The Cost of Living | Deborah Levy

Deborah Levy’s autobiography trilogy is proving to be an absorbing reading experience with The Cost of Living being the second installment. I’m working my way through them slowly, savouring the stories of her life as well as enjoying all the bookish serendipity moments that seems to occur whenever I read one of her books.

Last month, I stumbled across Anna Verney’s Flashback Friday piece about her experience of reading The Cost of Living. Her commentary on reading Levy’s novels (as opposed to her non-fiction) struck a chord in particular and I wanted to save it somewhere. Here seemed as good as place as any (my underlining).

Anna Verney | Newtown Review of Books | 20 Jan 2023

I know that pleasure too. Levy’s novels have had the same effect on me.

Years later, I’m still caught up in the aftermath of reading Hot Milk in particular. One of my younger colleagues at the time also experienced a strong and lasting response. Whenever we catch up our shared fervor for Hot Milk usually finds its way into our chat at some point. From this, I believe that Levy’s work is ripe for rereading and will continue to speak to me in unexpected ways and live inside me as time goes by.

The first part of Levy’s ‘living autobiography’, Things I Don’t Want to Know, had its genesis thanks to George Orwell’s essay Why I Write, so it was only natural that Levy was asked by several interviewers if The Cost of Living had a similar origin story. Although there wasn’t a specific essay or prompt, she mentioned Louise Bourgeois, Barbara Hepworth, Marguerite Duras and Simone de Beauvoir as inspirations. Their thoughts around female ambition, friendship, dismantling one home and creating a new one, resonated with events in her own life.

The Cost of Living begins with an observation of a young woman reading quietly on her own in a bar in the Caribbean and what happens when an older man approaches her to chat.

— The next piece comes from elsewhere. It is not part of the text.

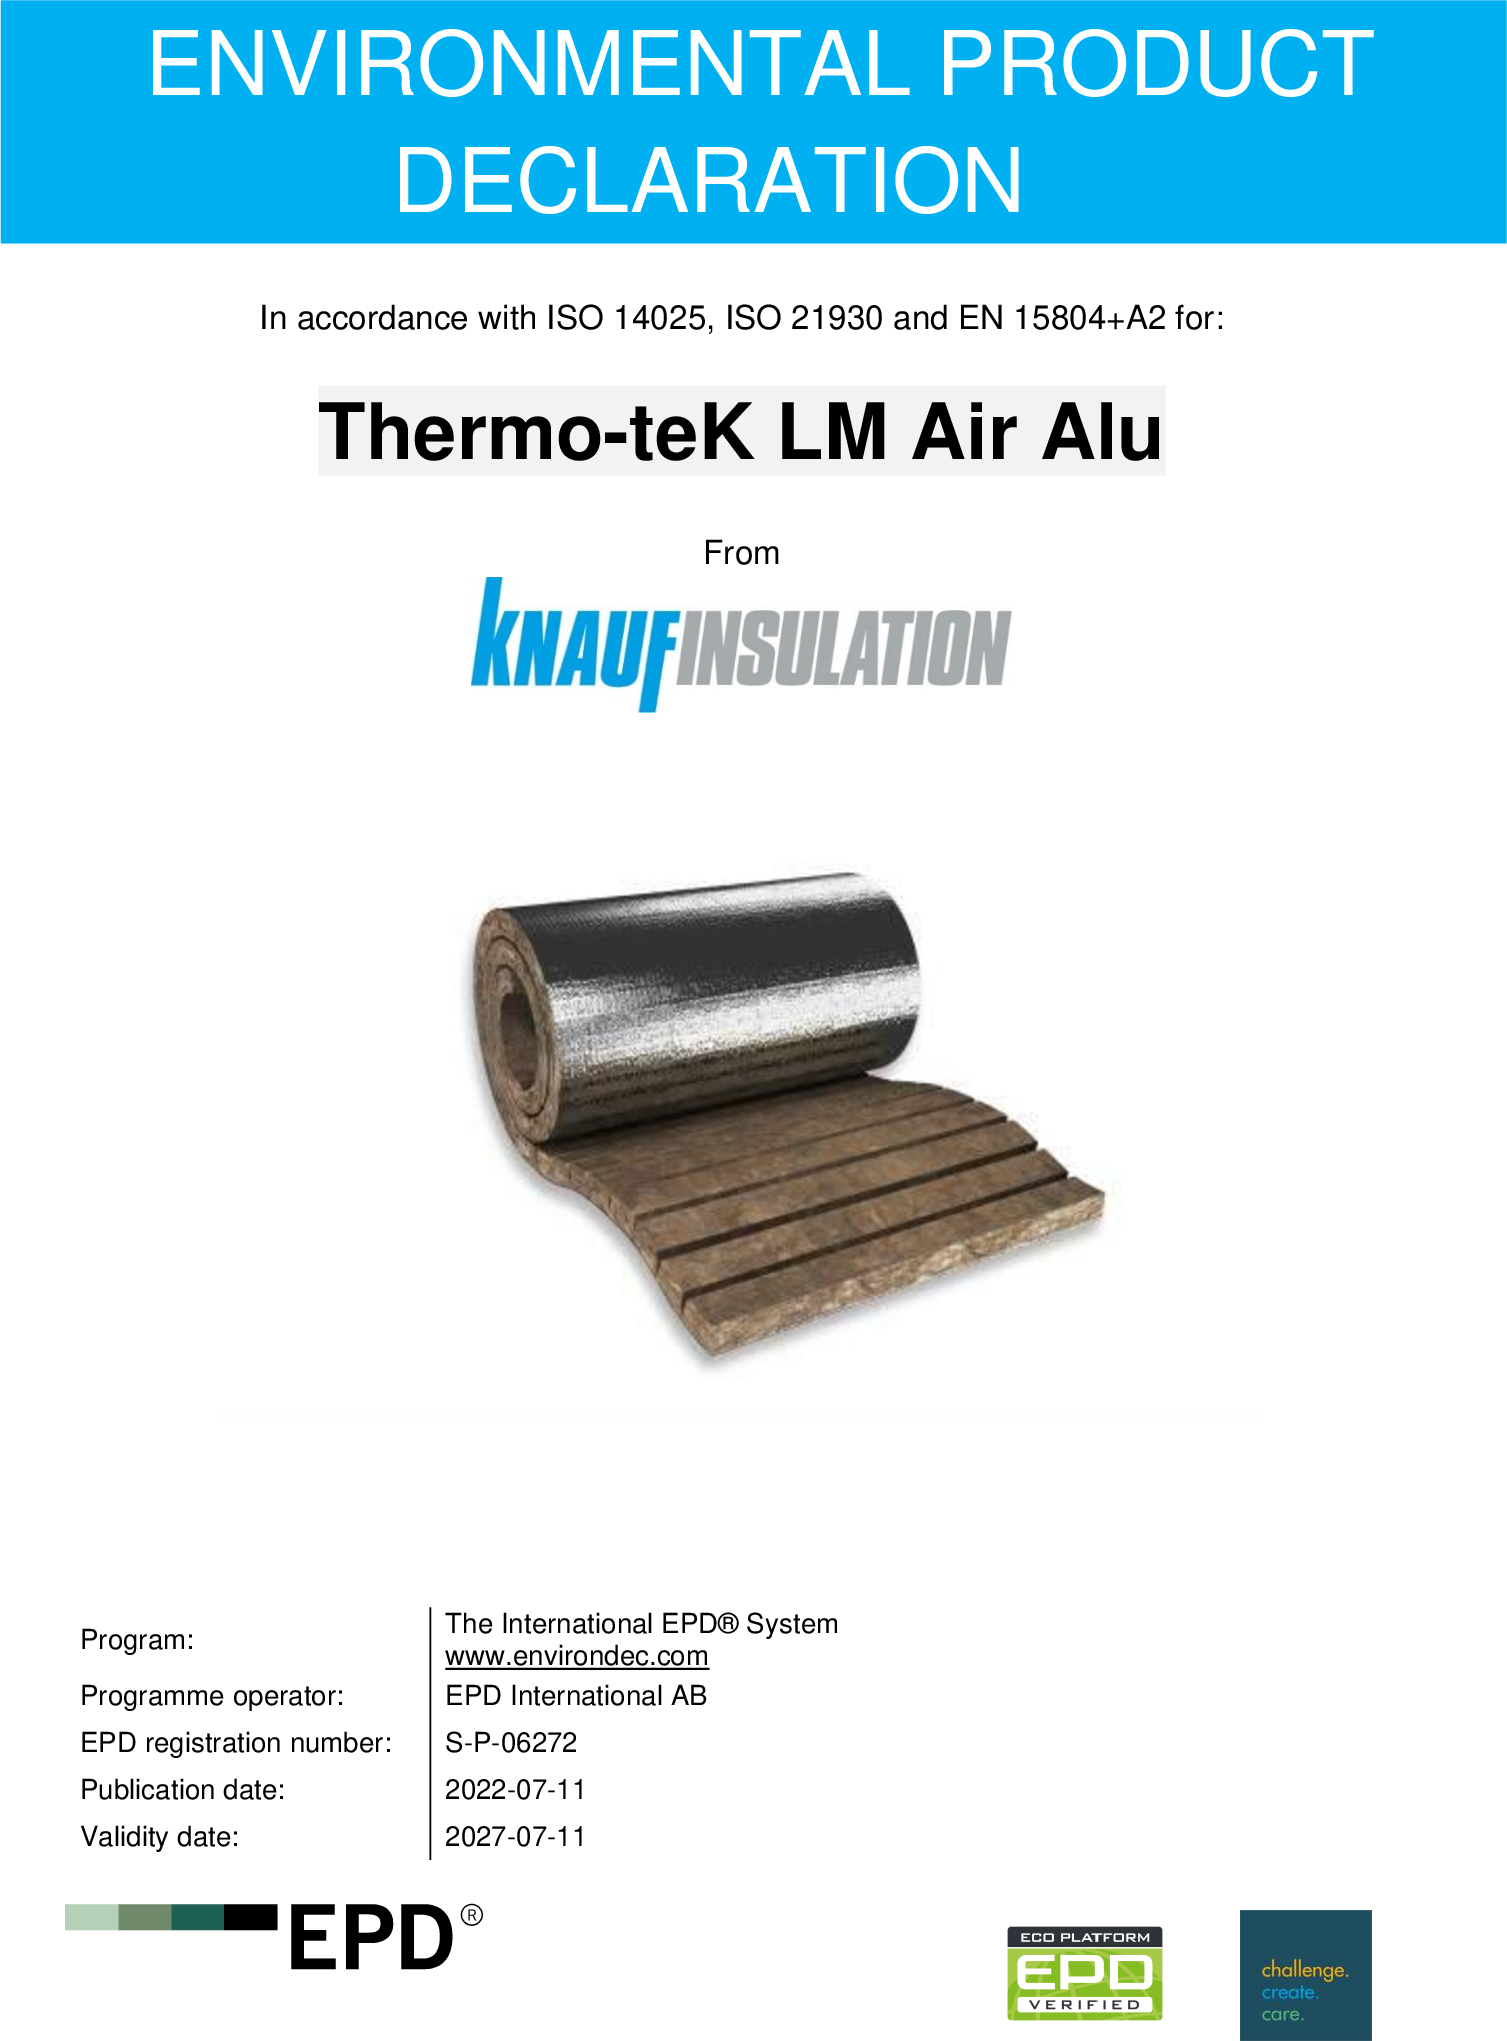 Thermo-teK LM Air Alu

She reluctantly listens to his stories, then launches into a scuba diving story of her own. Levy could see that he wasn’t ‘that interested’ before he said, “You talk a lot don’t you?”

The book hinges on these ideas – our freedom to ‘speak our life as we feel it‘ even though we rarely do, as well as the way we invite the people in our lives to ‘read between the lines‘ of our personal stories, looking for those who are the ‘right readers‘. The concept of minor and major characters also echoes throughout the rest of the book as Levy relates the story of how her marriage broke down and the ways in which she rebuilt a new life for herself.

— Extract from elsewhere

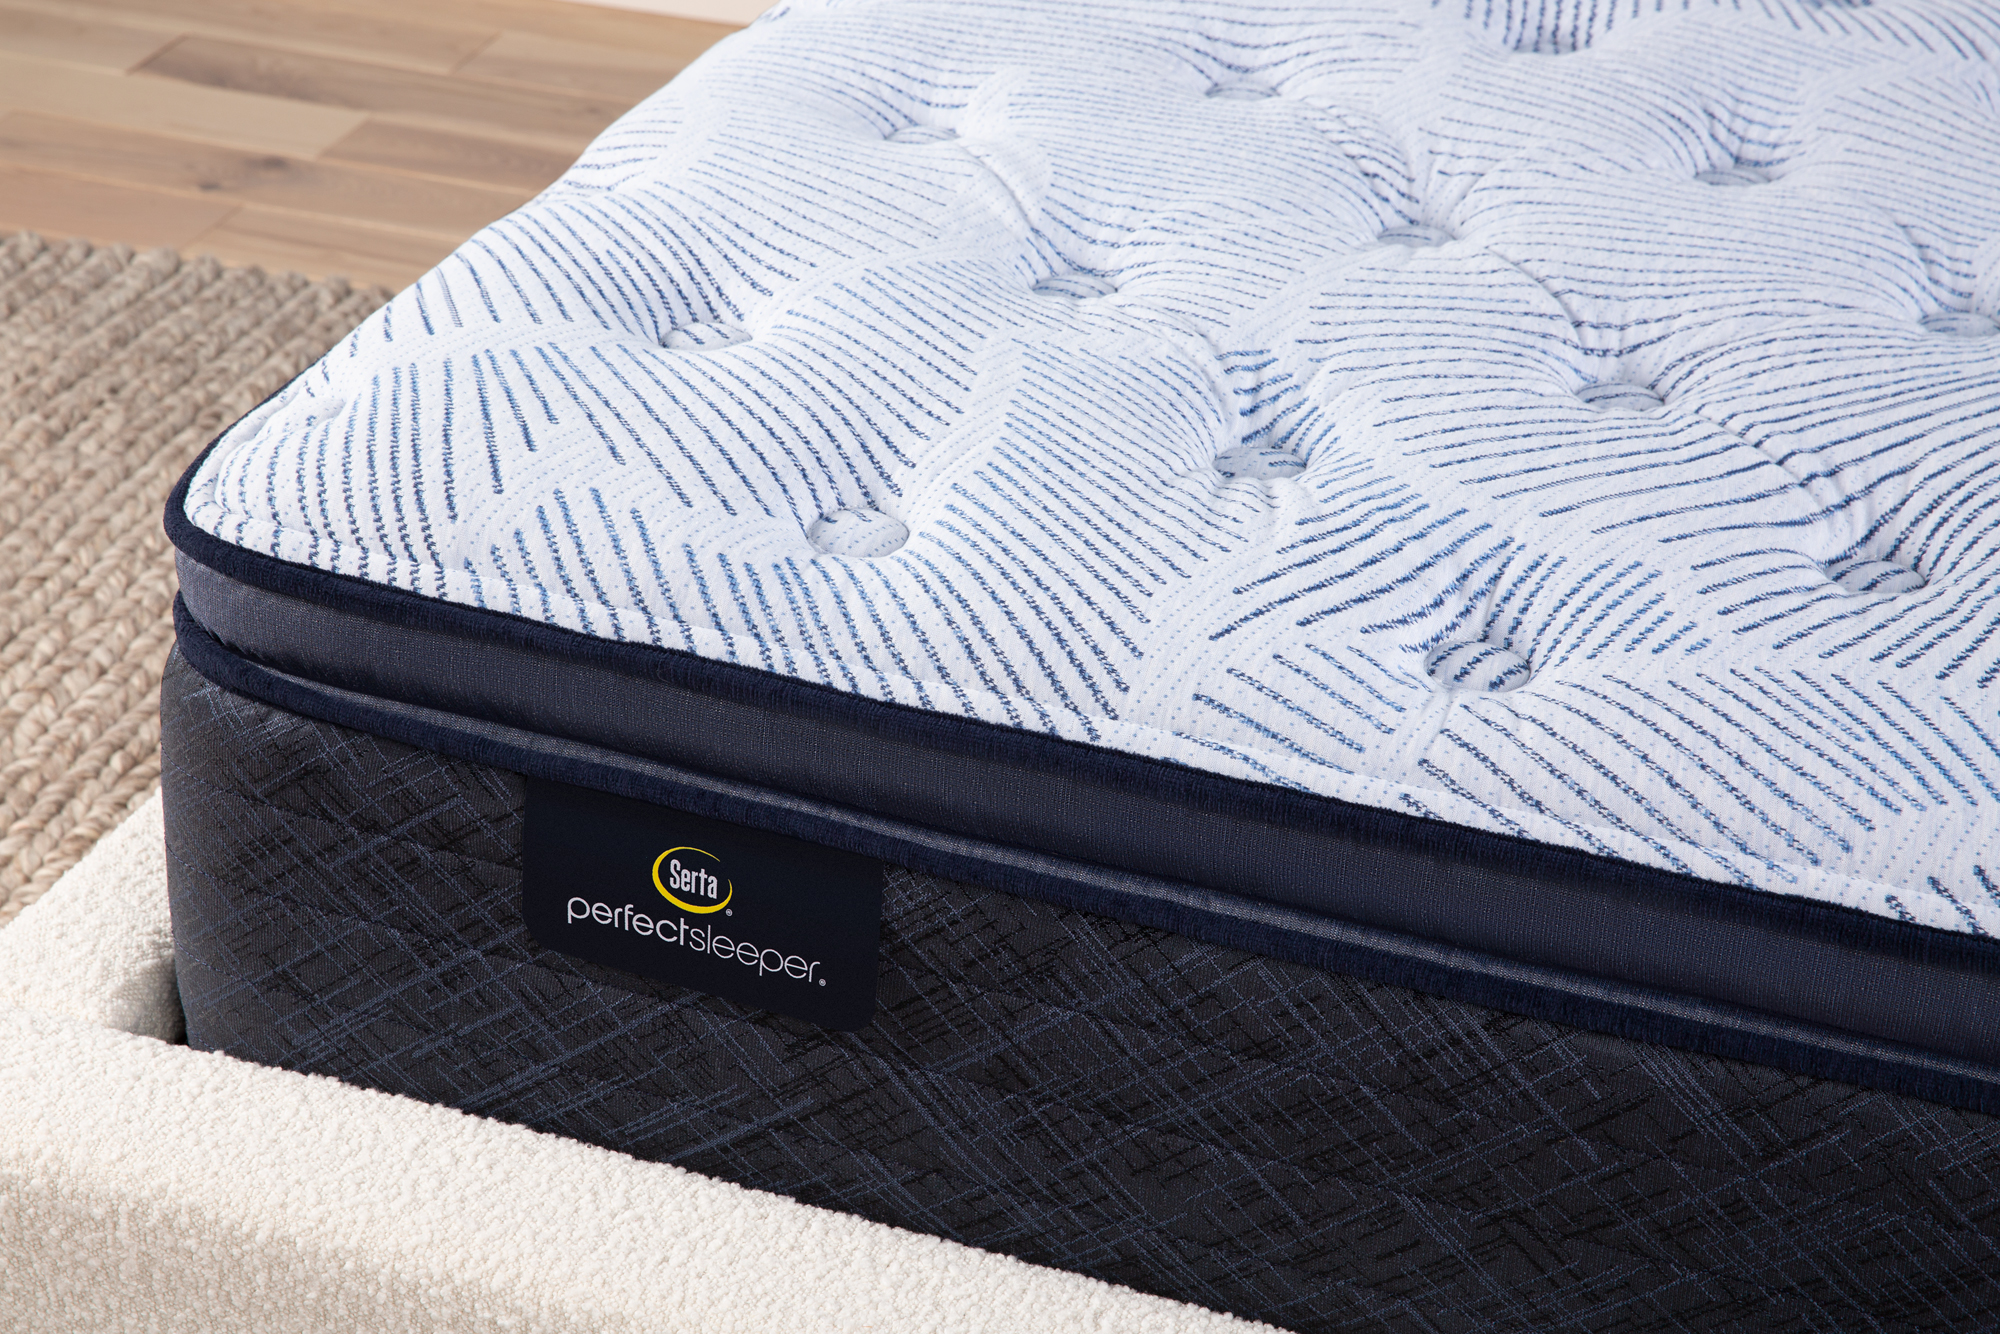 Photo of the Serta Perfect Sleeper Blue Lagoon Nights Plush Pillowtop mattress.

She references Elena Ferrante and Emily Dickinson as she journeys from being ‘wife’ to learning how to be herself alone again. She credits Proust with helping her through this particularly painful, early phase, and back into writing.

All she needed to do now was find a space to write. It also brings me to the only quibble I have with her memoirs – no bibliography or notes. I like to be able to save-for-later and/or acknowledge certain authors or quotes that strike me when I read them.

Although I found my time with this book stimulating, I didn’t respond to it as strongly as I did with Things I Don’t Want to Know. I wondered if it was because I had not been through such a devastating break up (of a long-term marriage) and also didn’t even want to contemplate such an idea!

Levy’s fifty-something musings on freedom, memories, moving forward and belonging are topics I spent much of my (mostly single) twenties and thirties angsting over. It came from a different place with different life experiences, yet there were still many moments of recognition. Perhaps we all have to have at least one period in our lives like this? A period when feelings and introspection, reflection and analysis drive us on to become the version of the person we want or hope to be? When we attempt to create ‘a persona that was braver than I actually felt.’

There is so much more I could unpack (including an Orwell essay – which I will read & review soon) but for now I will let Levy’s ideas and images ripen and evolve as they will – and I’ll get back to you in a few years time to let you know about any beneath the surface ripples!

Epigraph: Marguerite Duras | Practicalities (1990)

Favourite Quotes:

  • Longlisted for the Andrew Carnegie Medal in Nonfiction 2019
  • Orwell essay: Shooting an Elephant New Writing, 2, Autumn 1936 (On page 112 ‘Orwell in his 1936 essay, Shooting an Elephant, noted that the imperialist “wears a mask, and his face grows to fit it”.’)
ISBN: 9780241977569
Cover Image: Vivre sa vie (1962) a film by Jean-luc Godard
Imprint: Penguin General UK
Published: 19 February 2019 (originally published 10th July 2018)
Format: Paperback
Pages: 208
Dates Read: 18th January - 5th February 2024
This post was written on the traditional land of the Wangal clan, one of the 29 clans of the Eora Nation within the Sydney basin. This Reading Life acknowledges that Aboriginal and Torres Strait Islander peoples are our first storytellers, and the traditional custodians of the lands, seas, and skies on which we live and work.